<<<<

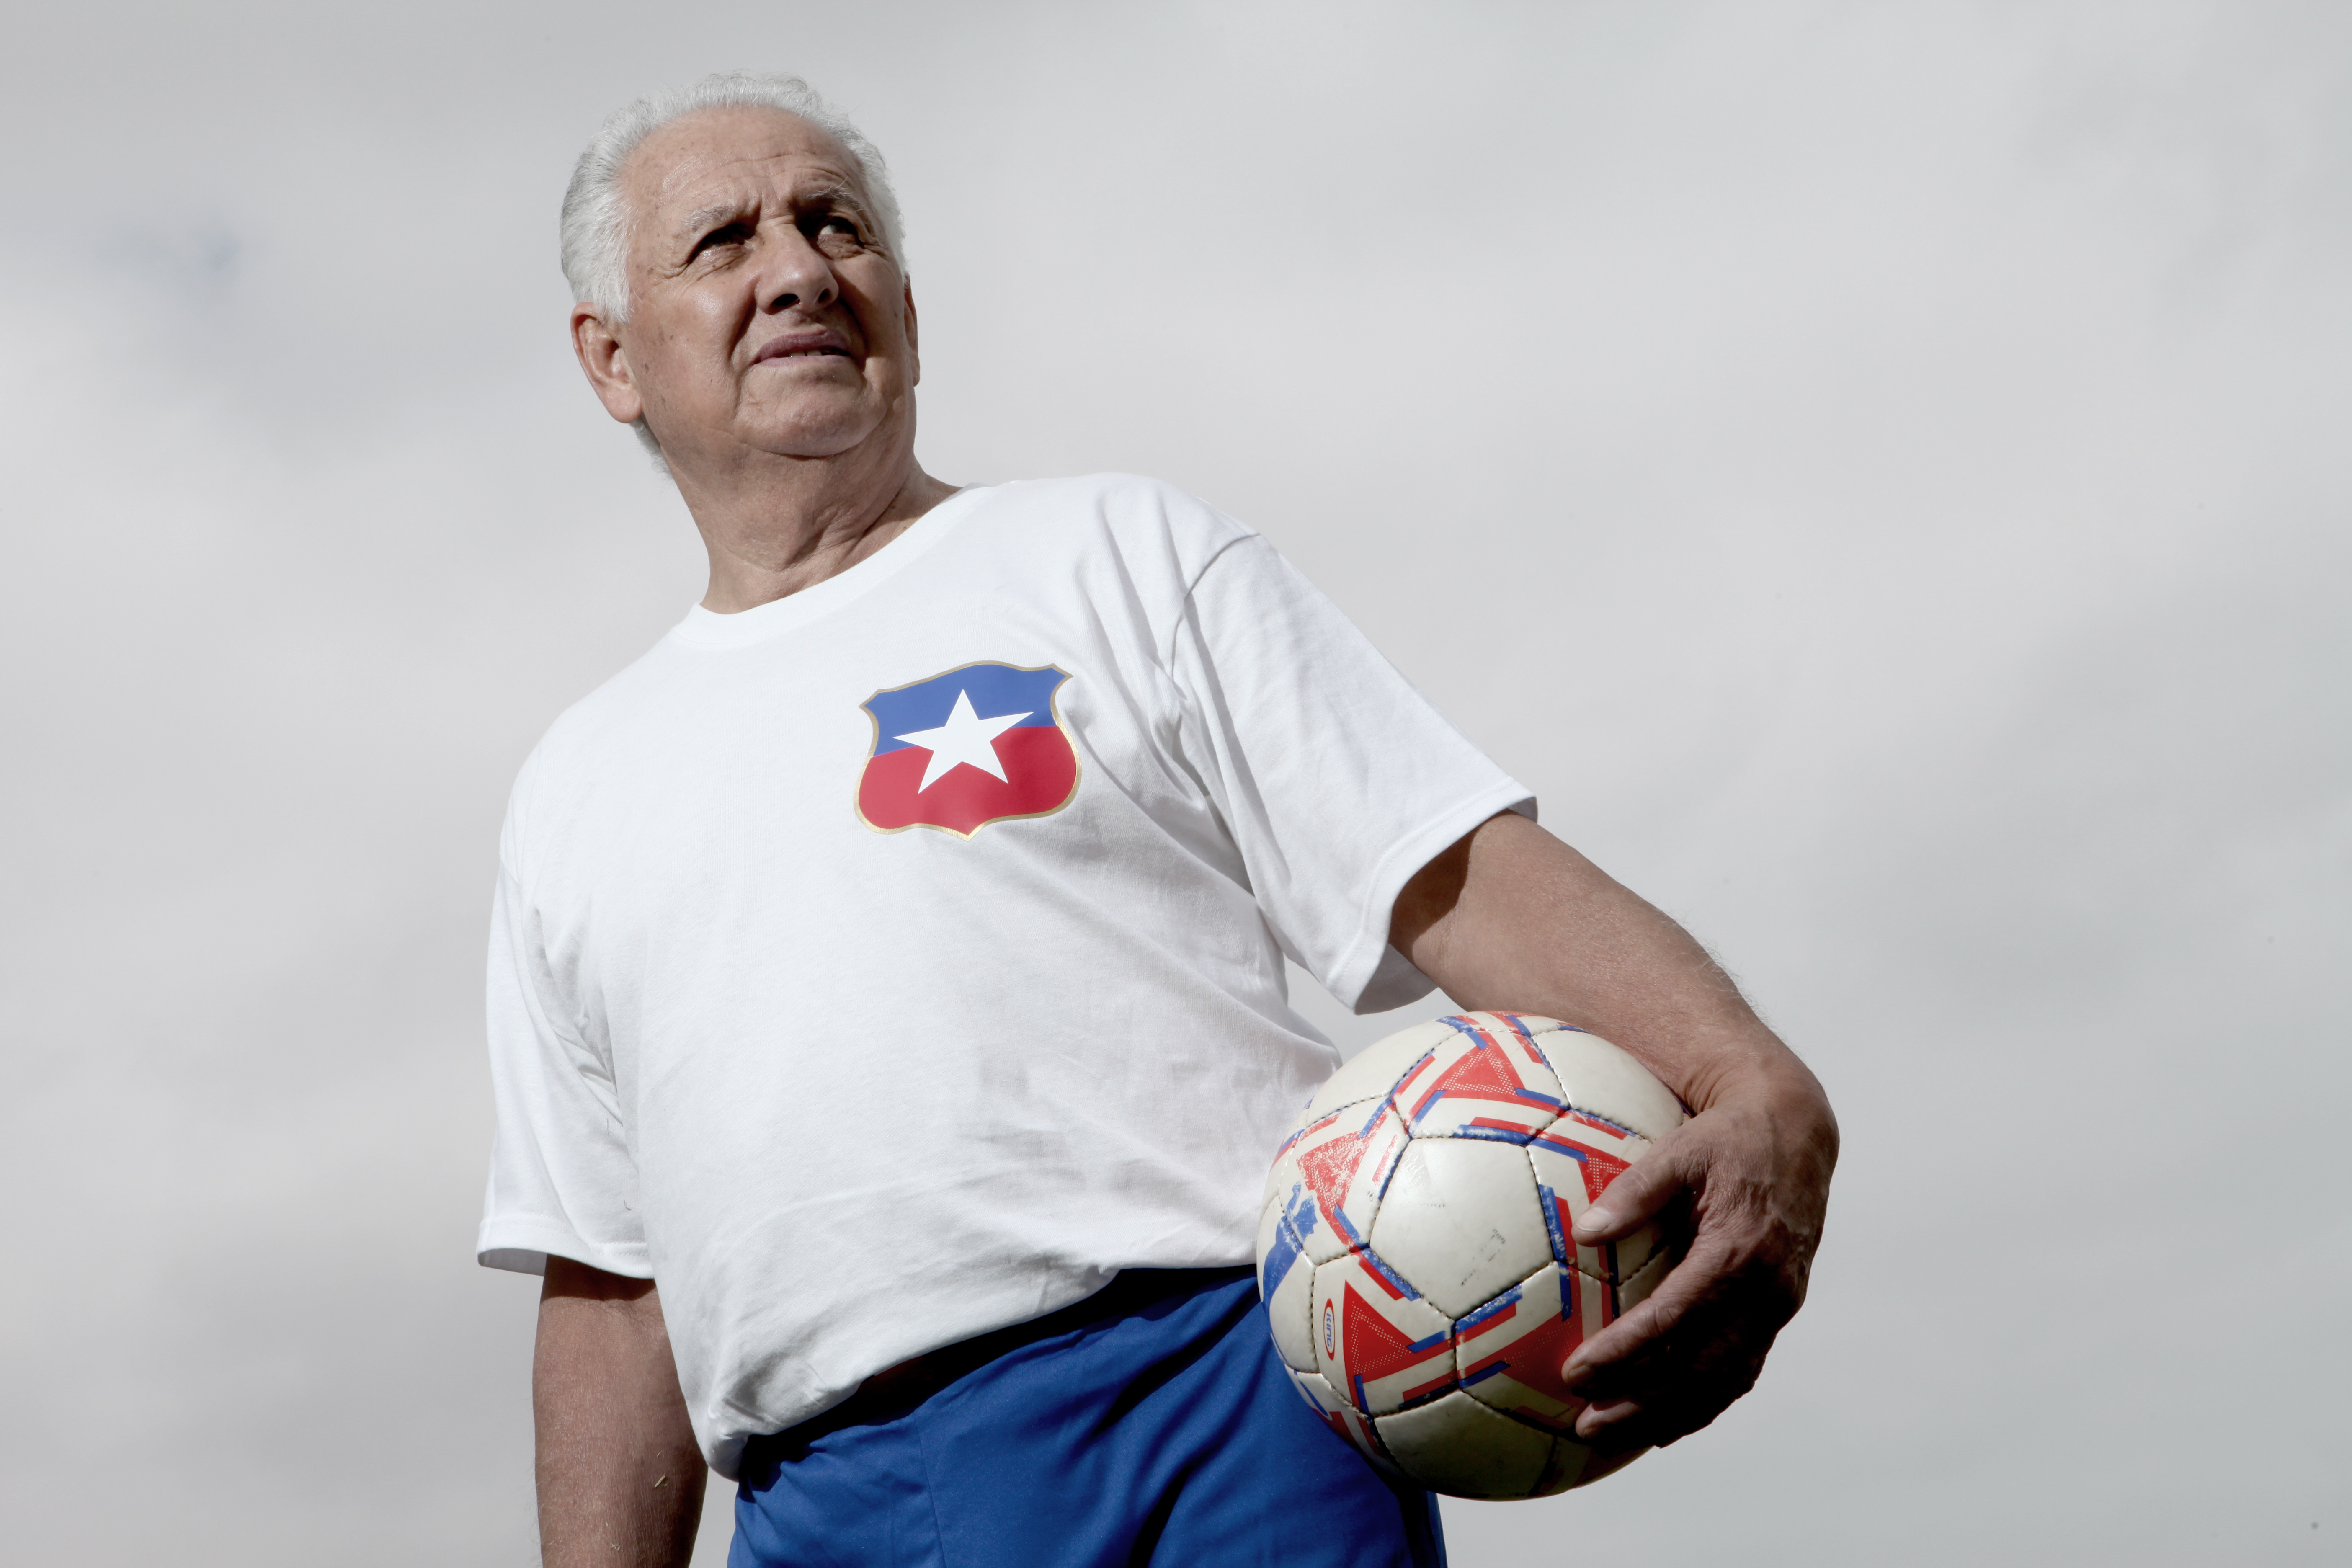 Luto en el fútbol: falleció el entrenador mundialista que le dio a
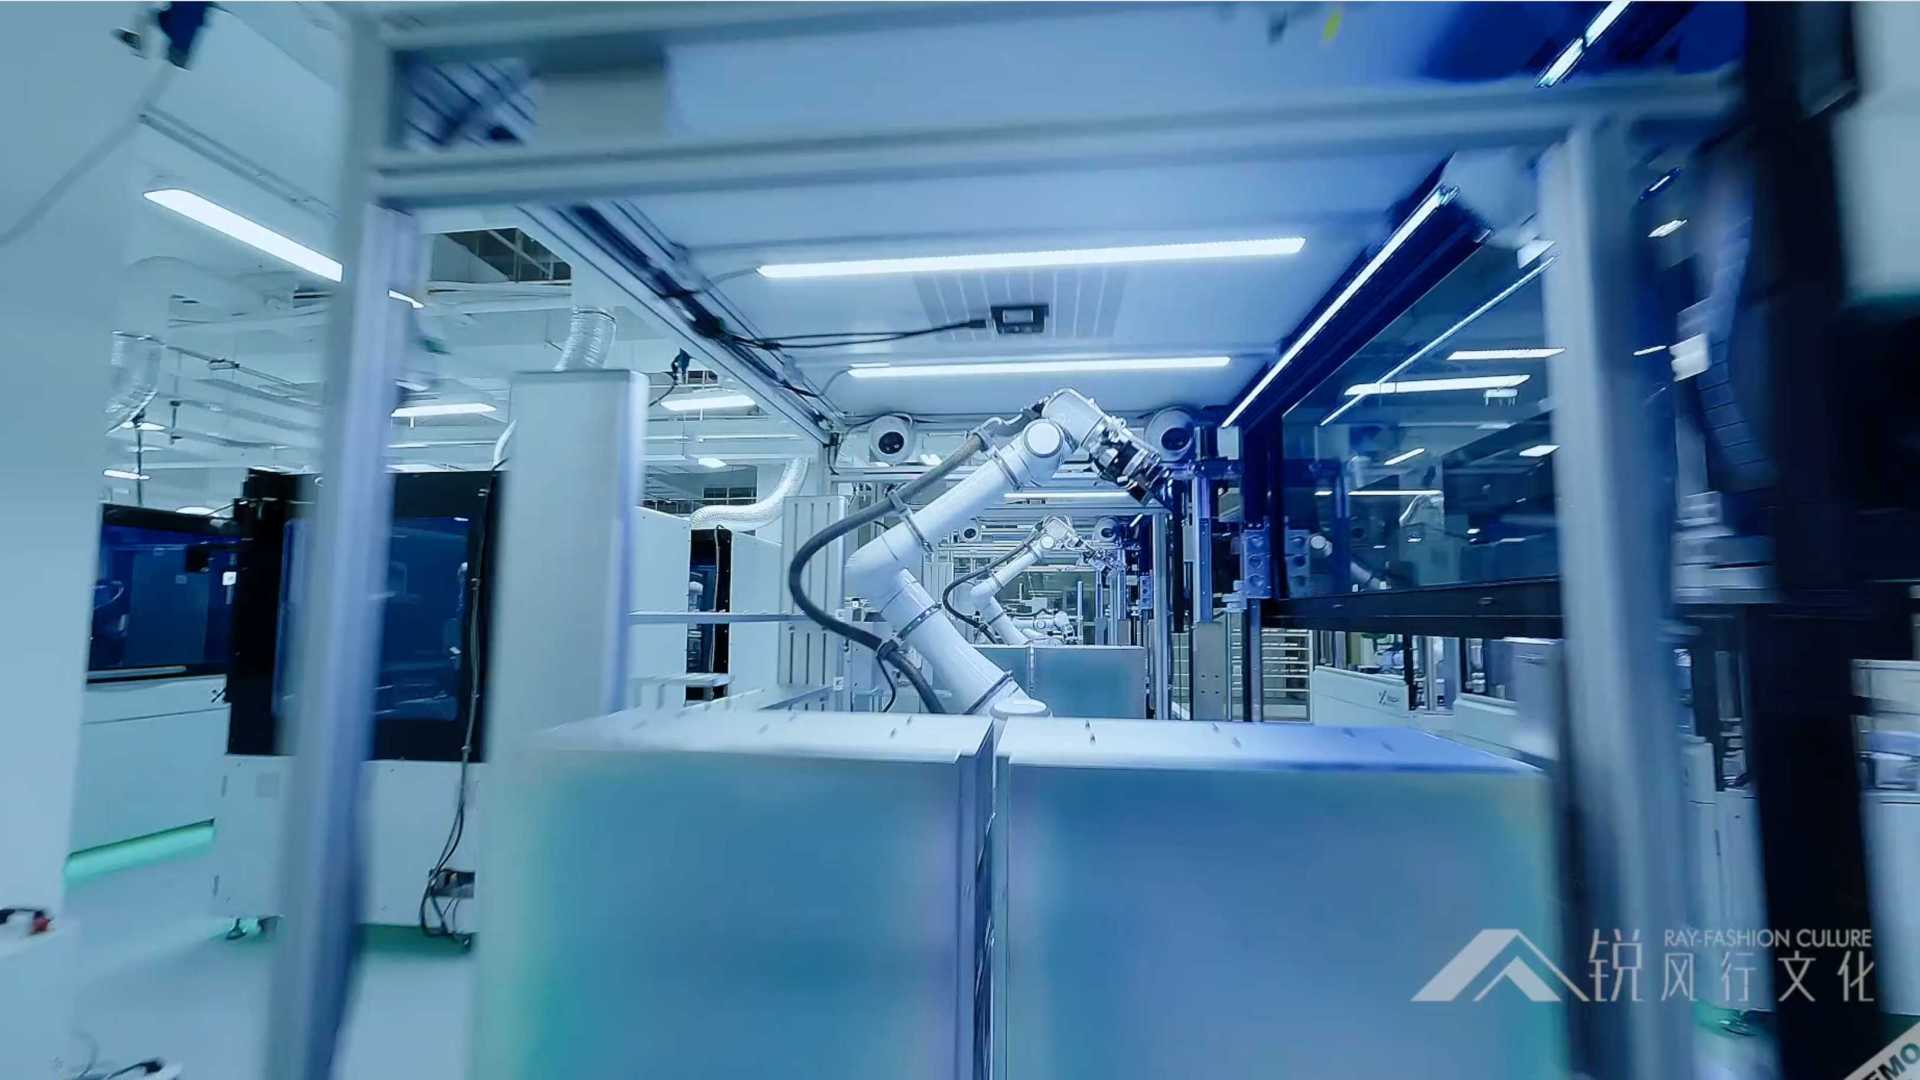 穿越机FPV 第一视角走进晶泰科技自动化实验室
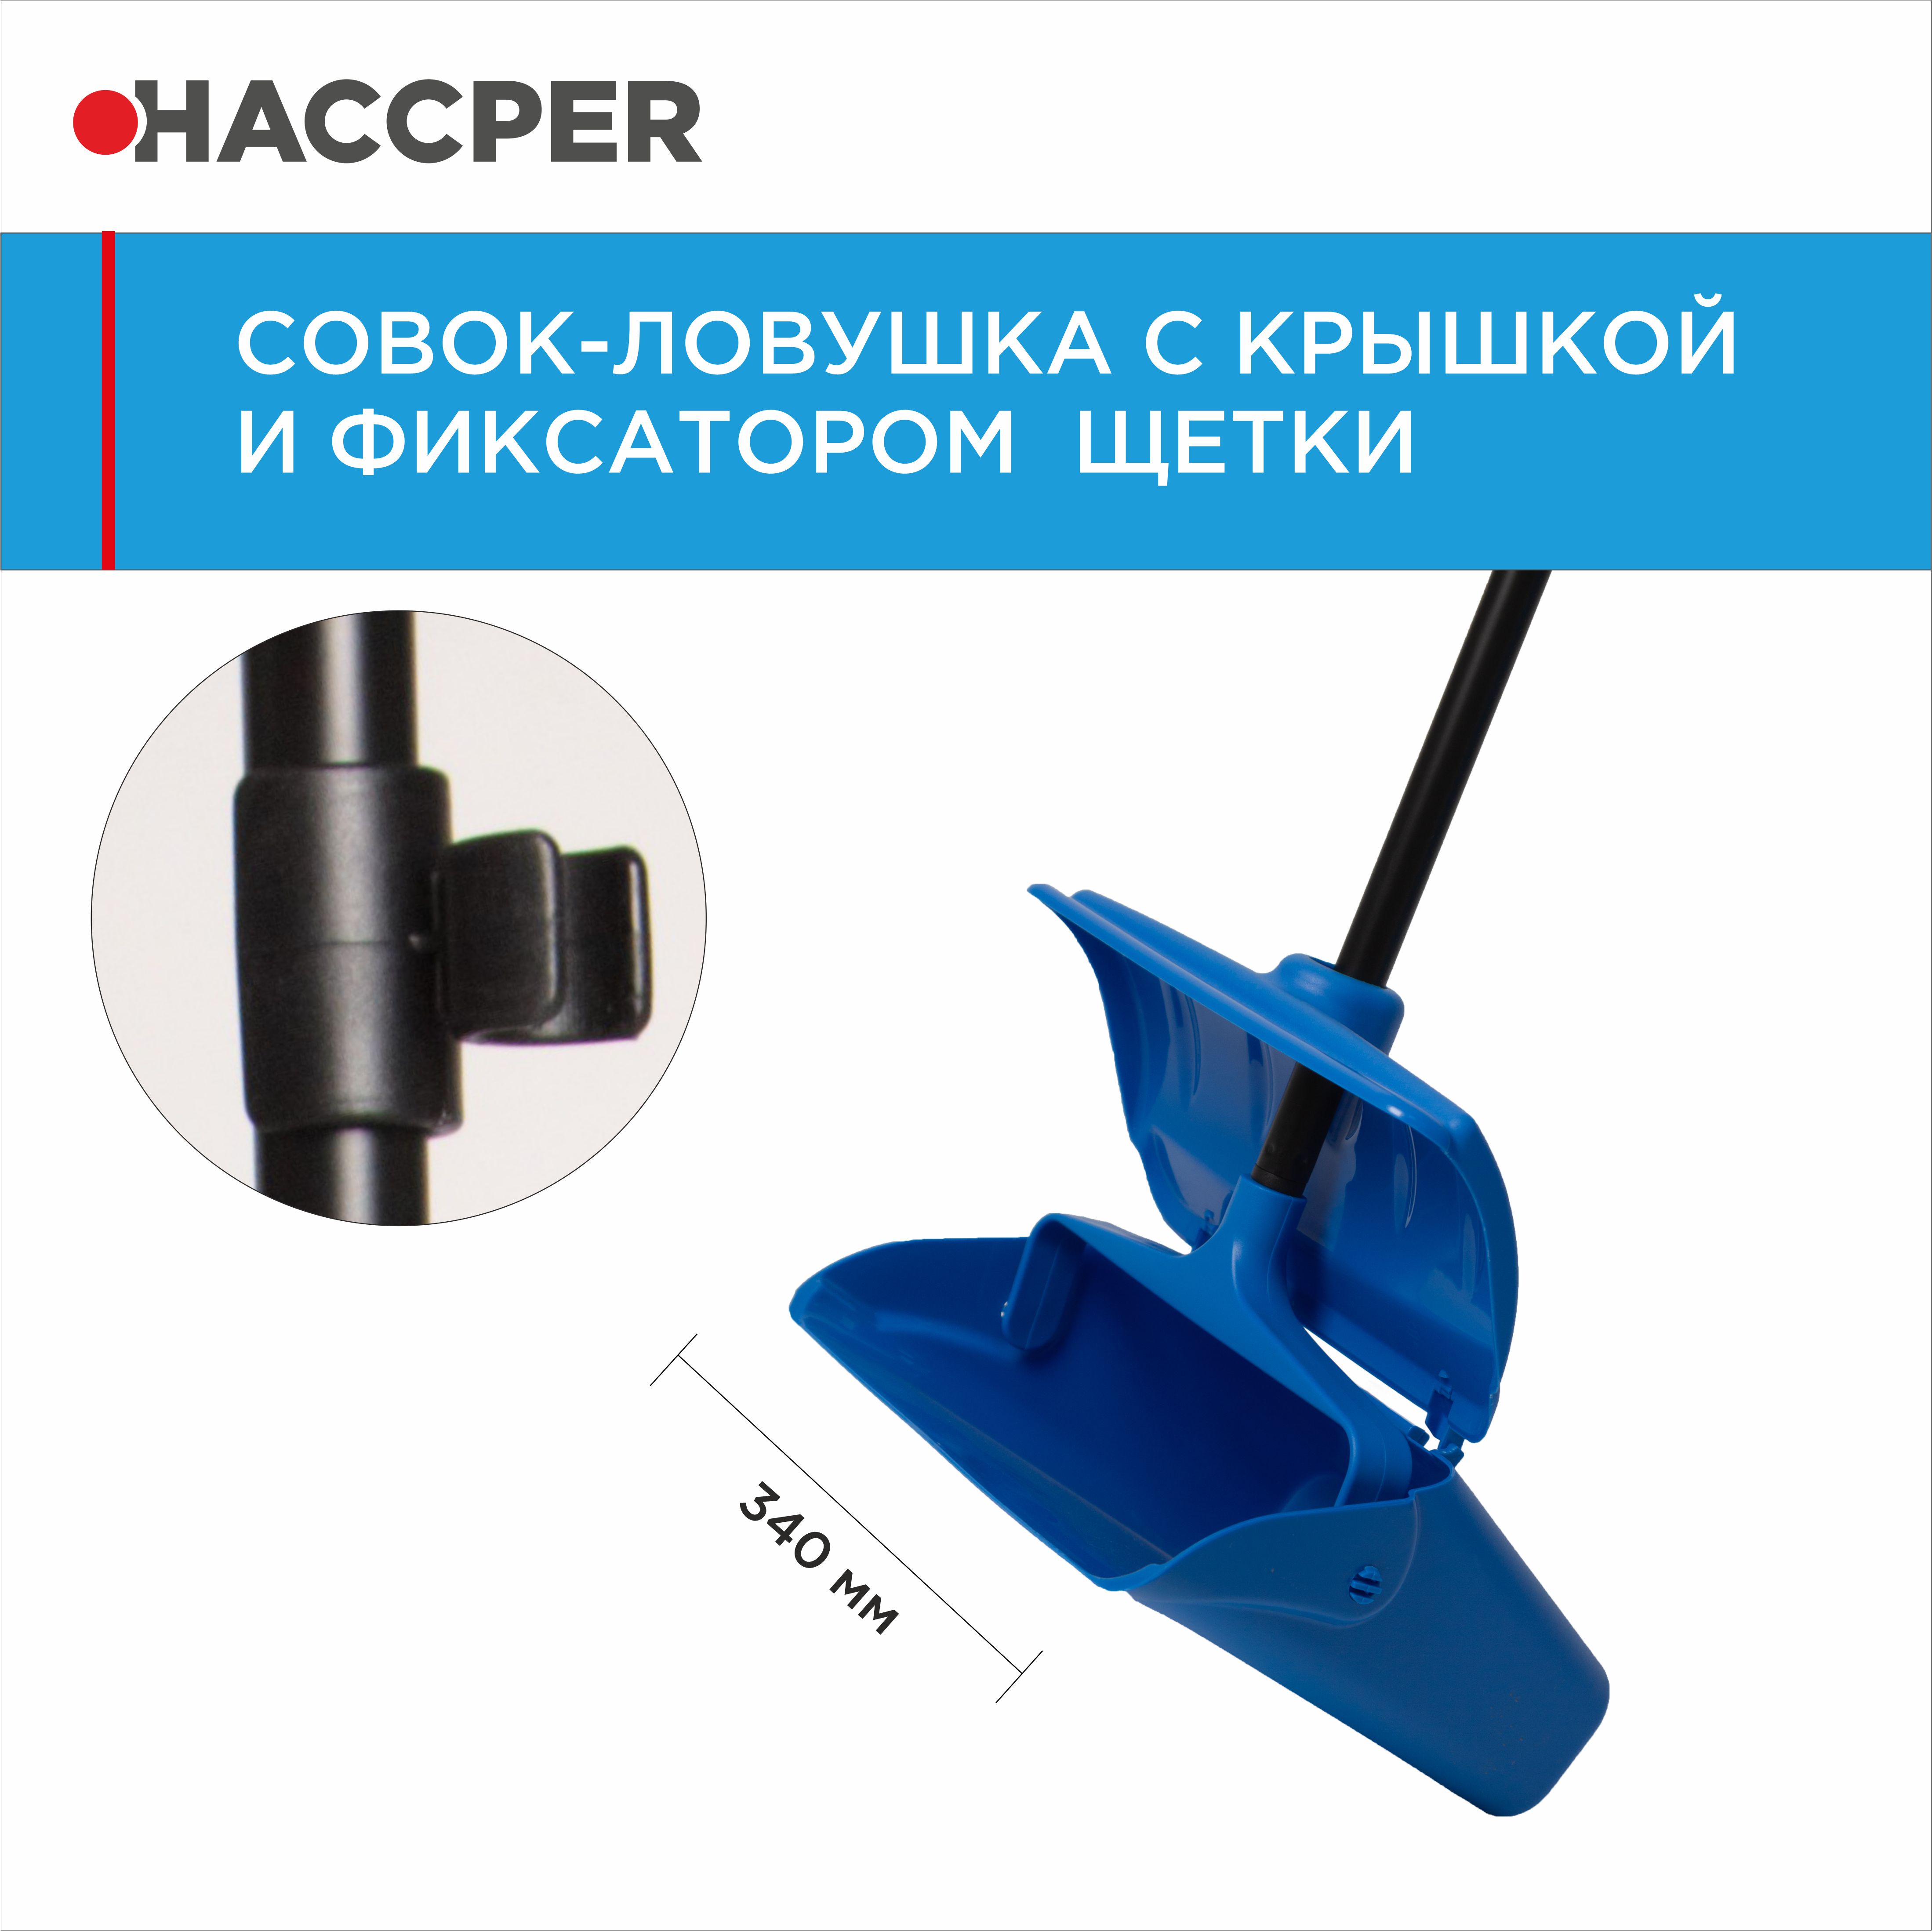 Совок-ловушка HACCPER с крышкой и фиксатором щетки, синий

>>>>

What is needed: The listing above needs to be output again exactly. Don't include the pictures.

Answer for the task:
 Luto en el fútbol: falleció el entrenador mundialista que le dio a
 穿越机FPV 第一视角走进晶泰科技自动化实验室
 Совок-ловушка HACCPER с крышкой и фиксатором щетки, синий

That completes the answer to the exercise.